Gli afroamericani erano già emotivamente provati dall’emergenza sanitaria. Infatti, l’epidemia ha evidenziato come la comunità nera, mediamente, abbia più difficoltà nell’accesso alle cure e questo ha portato ad avere un tasso di incidenza del covid molto più alto rispetto ai concittadini bianchi.

Le catastrofi hanno questo brutto vizio, inaspriscono il divario sociale.

In un momento come questo, vedere la lenta esecuzione di George Floyd, 9 lunghissimi minuti di rantolii in cui l’uomo chiedeva pietà al suo carnefice bianco, ha letteralmente sgretolato la diga che conteneva la rabbia sociale della comunità afroamericana.

Black Lives Matter, articolo scritto da Penne in Salsa Gaia sull'uccisione di George Floyd

Ma l’ondata di protesta degli afroamericani non si è fermata all’USA. Facciamo una premessa: in Europa la discussione sul razzismo è quasi sempre sterile e superficiale. Il nostro continente non ha mai fatto i conti con il suo passato coloniale e con gli eventi del primo 900, che hanno portato, come estrema conseguenza, all’apertura dei campi di sterminio. Siamo come quelle persone che vanno dallo psicologo perché sanno di avere un problema, ma non sono ancora nella fase di accettazione. L’Europa è un continente con daddy issues.

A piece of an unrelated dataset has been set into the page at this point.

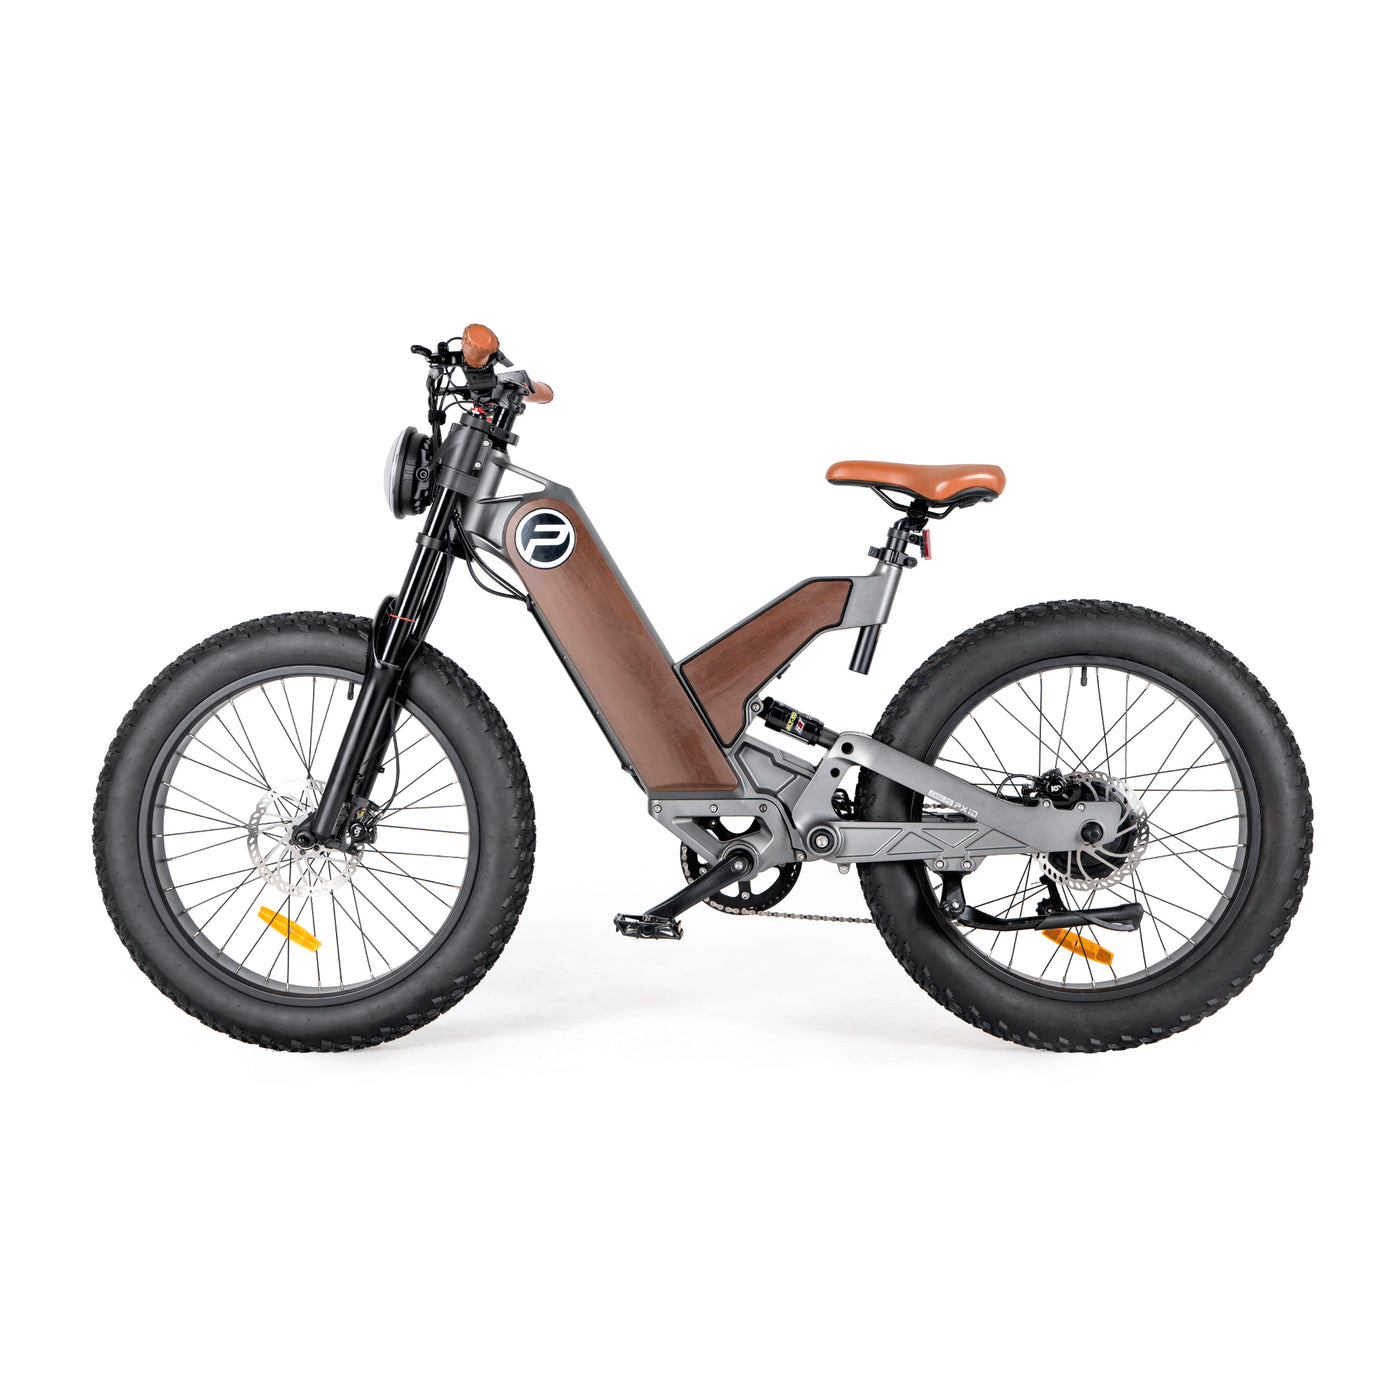 Mountain bike ibride elettriche per pneumatici grassi per tutti i terreni P5-U

Molte persone, soprattutto sui social, hanno affermato candidamente che “Qui la situazione è diversa. Non siamo popoli razzisti. Mica ammazziamo i neri per strada!”. No infatti. Ci mancherebbe. Noi siamo molto più eleganti, li ammazziamo in mare. Poi non devi manco pulire! Morto e mangiato! Qualche fortunato lo ammazziamo anche nei campi.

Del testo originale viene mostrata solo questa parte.